NVIDIA launched its Ampere-based DGX A100 AI System nearly six months ago, and it didn’t take long for it to begin breaking records as it found its way into supercomputers around the world. As we near the end of 2020, NVIDIA has upgraded the A100 GPU with HBM2E technology, taking it to even greater performance levels. As if the incredible speeds of the new memory were not enough, it’s also been doubled from 40 GB to 80 GB. Bryan Catanzaro, vice president of applied deep learning research at NVIDIA, had the following to say about the newest upgrade.
Achieving state-of-the-art results in HPC and AI research requires building the biggest models, but these demand more memory capacity and bandwidth than ever before.
The A100 80 GB GPU provides double the memory of its predecessor, which was introduced just six months ago, and breaks the 2 TB per second barrier, enabling researchers to tackle the world’s most important scientific and big data challenges.
With over 2 TB/s of memory bandwidth, the A100 GPU is now the world’s fastest data center GPU. NVIDIA is already incorporating it into its DGX A100 AI and new DGX Station A100 “data center in a box” systems. By using NVIDIA’s multi-instance GPU (MIG) technology, the A100’s memory can also be partitioned out, allowing it to multitask for smaller projects.

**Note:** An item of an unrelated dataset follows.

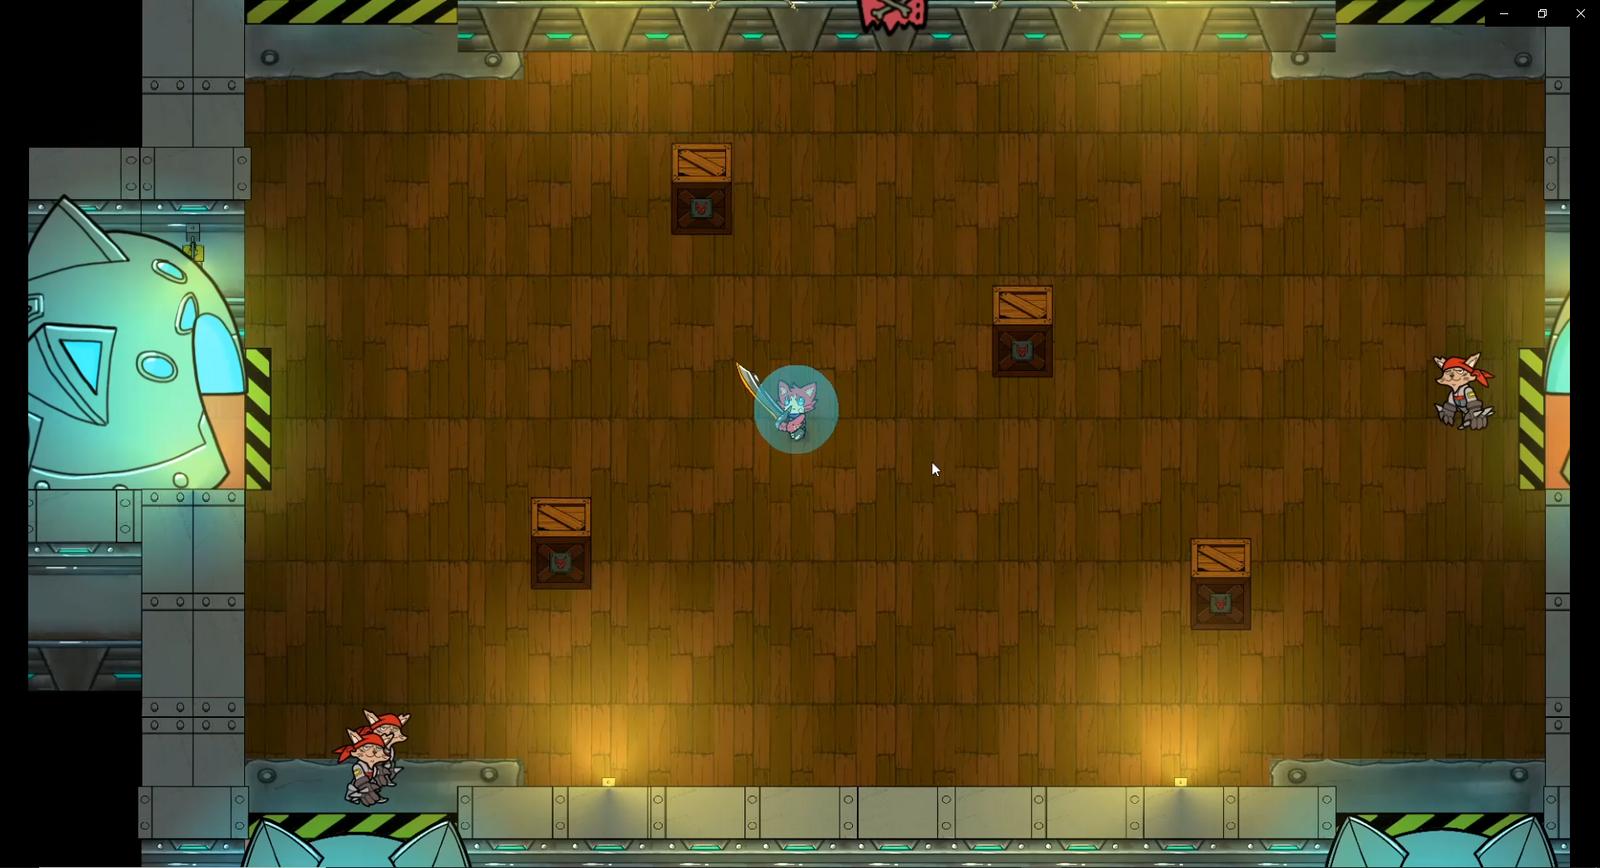 Cat Space Pirate - Screenshot 03
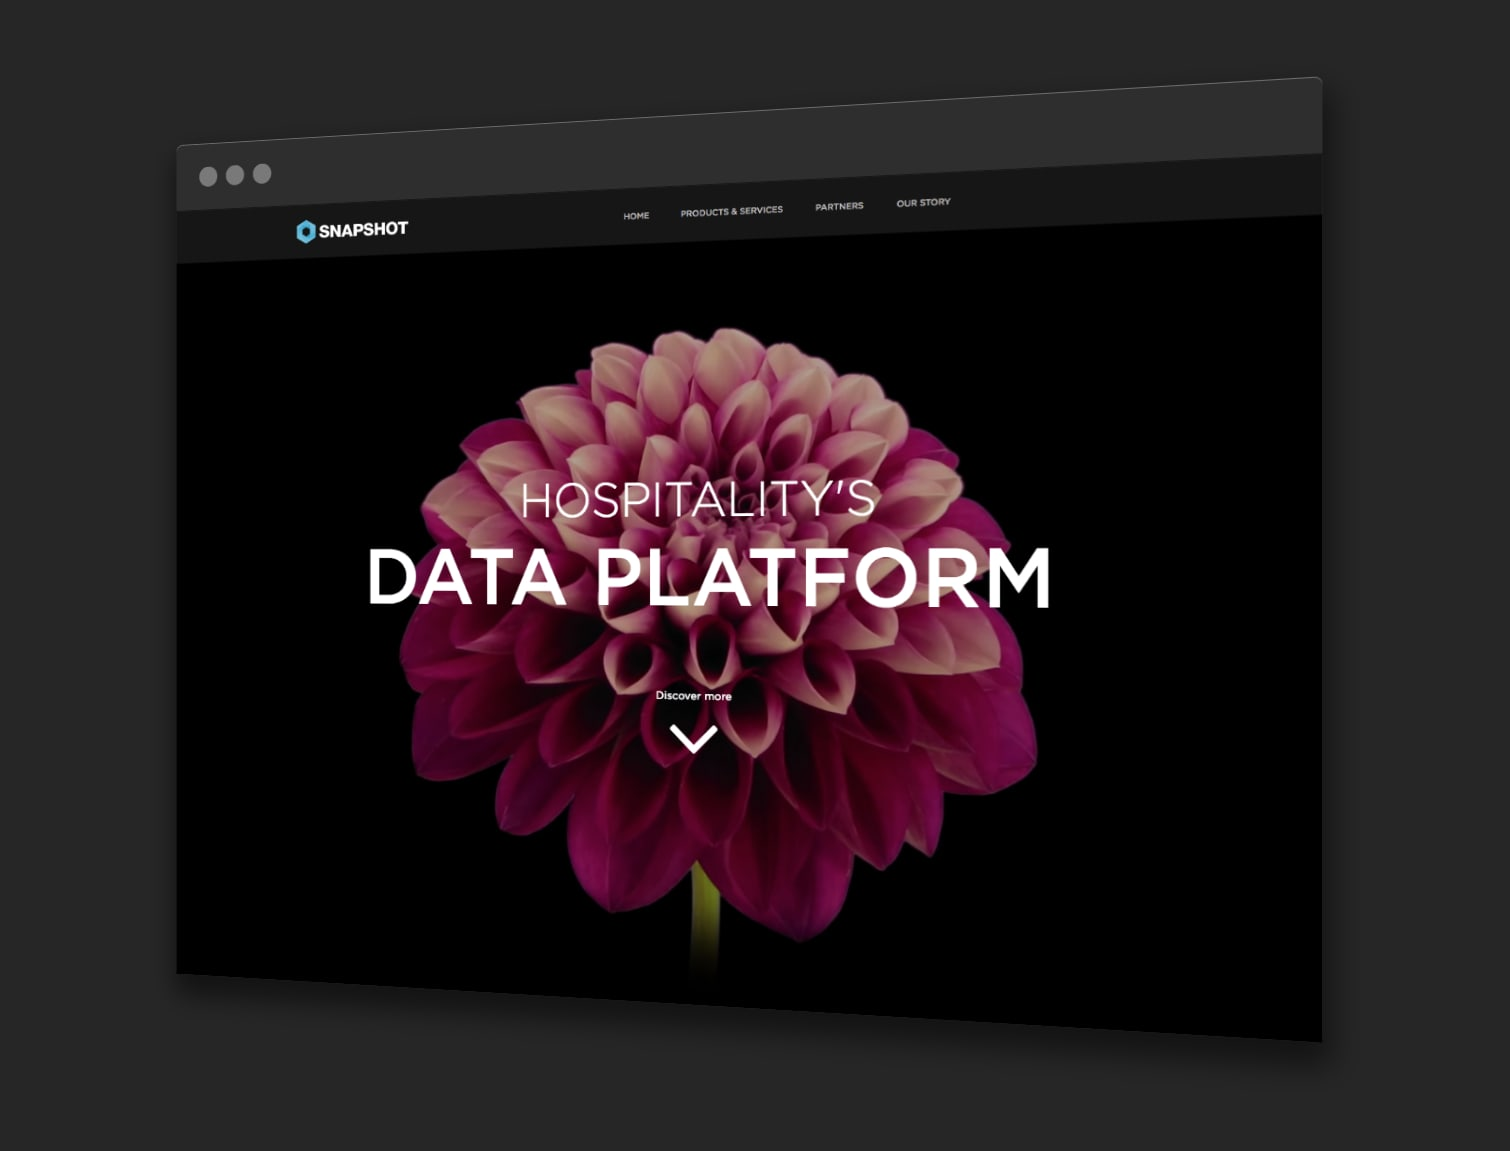 Αποτέλεσμα εικόνας για SnapShot launches the first independent hospitality data platform

It can then be configured to run up to seven MIGs with 10 GB each.
A100 80 GB Technical Specifications
- Third-Generation Tensor Cores: Provide up to 20x AI throughput of the previous Volta generation with a new format TF32, as well as 2.5x FP64 for HPC, 20x INT8 for AI inference, and support for the BF16 data format.
- Larger, Faster HBM2e GPU Memory: Doubles the memory capacity and is the first in the industry to offer more than 2 TB per second of memory bandwidth.
- MIG technology: Doubles the memory per isolated instance, providing up to seven MIGs with 10 GB each.
- Structural Sparsity: Delivers up to a 2x speedup inferencing sparse models.
- Third-Generation NVLink and NVSwitch: Provide twice the GPU-to-GPU bandwidth of the previous generation interconnect technology, accelerating data transfers to the GPU for data-intensive workloads to 600 gigabytes per second.